4 RCT's were used to assess effectiveness of acupuncture on smoking cessation
at 12 months: N = 2941 volunteers.
5 RCT's were used to compare acupuncture with sham acupuncture N = 463 plus
one RCT with four arms of combinations of acupuncture, nicotine gum, sham
acupuncture and placebo gum N= 1532.
2 RCT's were used to assess acupuncture compared to group therapy N = 332.
2 RCT's were used to assess acupuncture compared to nicotine gum N = 1425.
1 RCT was used to assess acupuncture compared to behaviour therapy N = 64.
1 RCT was used to assess acupuncture compared to individual hypnosis N = 24.
1 RCT was used to assess acupuncture compared to group hypnosis N = 22.
How were the studies combined?
The odds ratios were combined using the methods of Peto, a fixed effects
model.
How were differences between studies investigated?
The Mantel-Haenszel test was used to assess heterogeneity between trials.
Sensitivity analysis was performed by omitting one trial in which the number
of subjects was small and doubt existed about the randomisation method and
after considering only trials comparing acupuncture with placebo or no
acupuncture.
Results of the review
Most studies scored poorly in their method of randomisation and in the
assessment of outcome.
At 6 months: OR = 1.83 (95%CI: 0.97, 3.46 ). Test for heterogeneity 9.45 (P =
0.05).
At 12 months: OR = 1.47 (95%CI: 1.10, 1.98). Test for heterogeneity 7.22 (P =
0.07).
Total: OR = 1.53 (95%CI: 1.17, 2.00). Test for heterogeneity 17.03 (P = 0.09).
Acupuncture versus sham acupuncture: OR 1.16 (95%CI: 0.90, 1.49). Test for
heterogeneity: 5.36 (P = 0.37).
Acupuncture versus group therapy: OR 2.23 (95%CI: 1.16, 4.28).
Acupuncture versus nicotine gum: OR 0.77 (95%CI: 0.54, 1.11).
Acupuncture versus behaviour: OR 0.77 (95%CI: 0.29, 2.09).
Acupuncture versus individual hypnosis: OR 0.36 (95%CI: 10.07, 3.01).

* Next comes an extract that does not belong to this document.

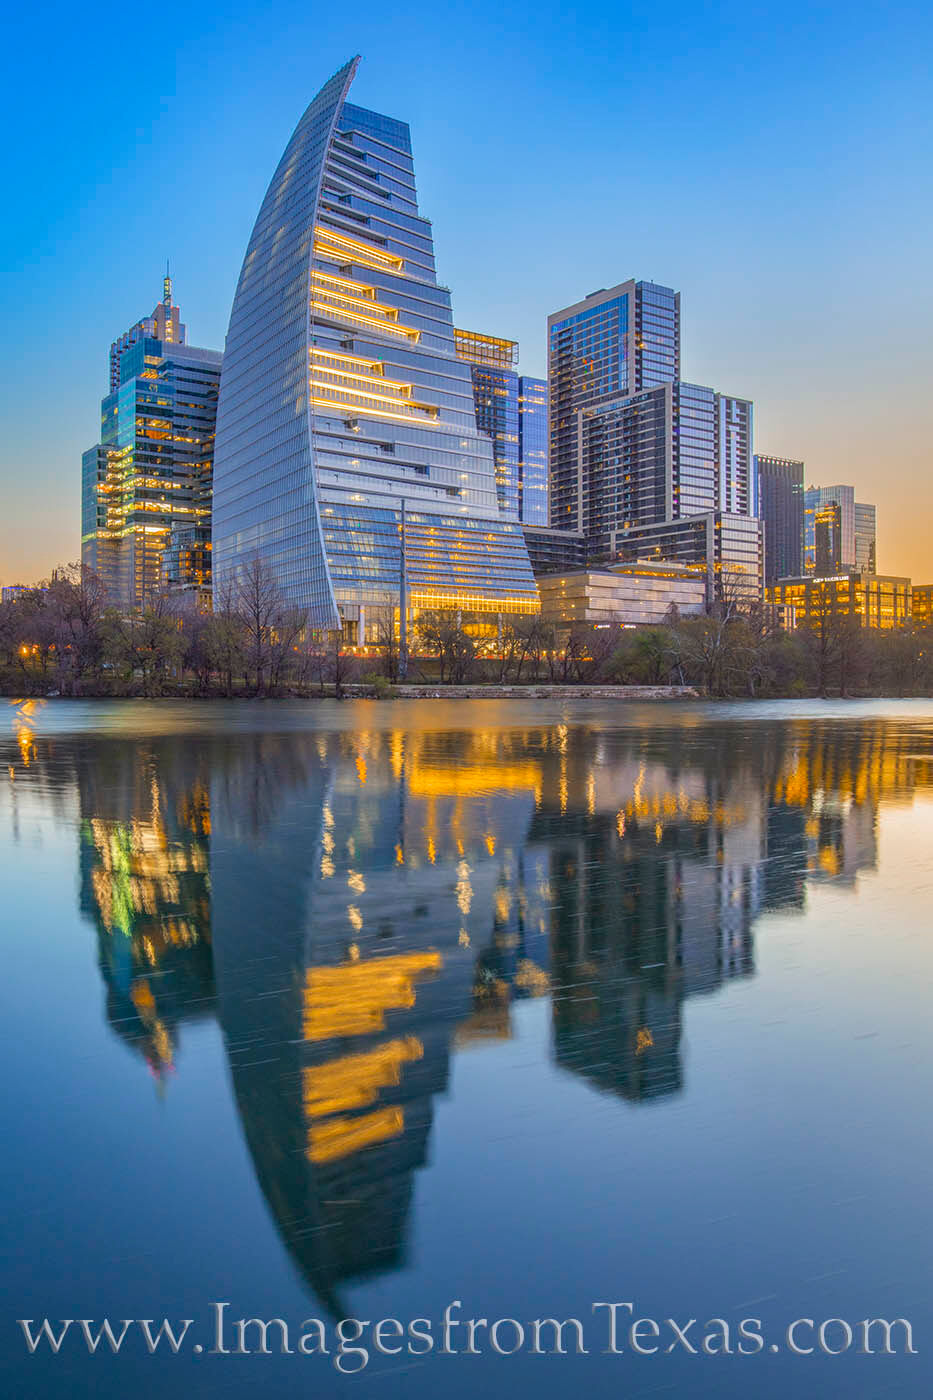 A long exposure brought out the deep blue color well before sunrise in downtown Austin, Texas. In the forefront of this scene...

Acupuncture versus group hypnosis: OR 0.52 (95%CI: 0.09, 3.01).
Was any cost information reported?
Not stated.
Author's conclusions
While acupuncture appears promising there is insufficient evidence at present
to recommend it as an effective form of therapy. More direct comparative
trials with larger numbers of subjects are required before the effectiveness
of acupuncture can be reliably compared against these other therapies.
CRD commentary
This is a clearly written and well conducted review. The extensive literature
search should have revealed most of the relevant studies though as the authors
point out some results from unpublished trials with less favourable results
may have been omitted. The inclusion criteria for the primary studies were
defined as were the criteria for evaluating the quality of the included
studies. The quality scores obtained by the individual trials and reported in
the review reveal that most of the primary studies had not accounted for
potential sources of bias. Details are given of the rigorous methodology used
in data extraction but similar detail is not given on the methods of study
selection or quality scoring. The potential for bias in the primary studies
justifies the authors reservations about the effectiveness of acupuncture
based on the studies included in this review.
Subject index terms
Subject indexing assigned by CRD: Acupuncture-Therapy; Smoking-Cessation/mt
[Methods]
Correspondence address
Professor C A Silagy, Department of General Practice, Flinders University of
South Australia, Bedford Park, SA, 5042, Australia.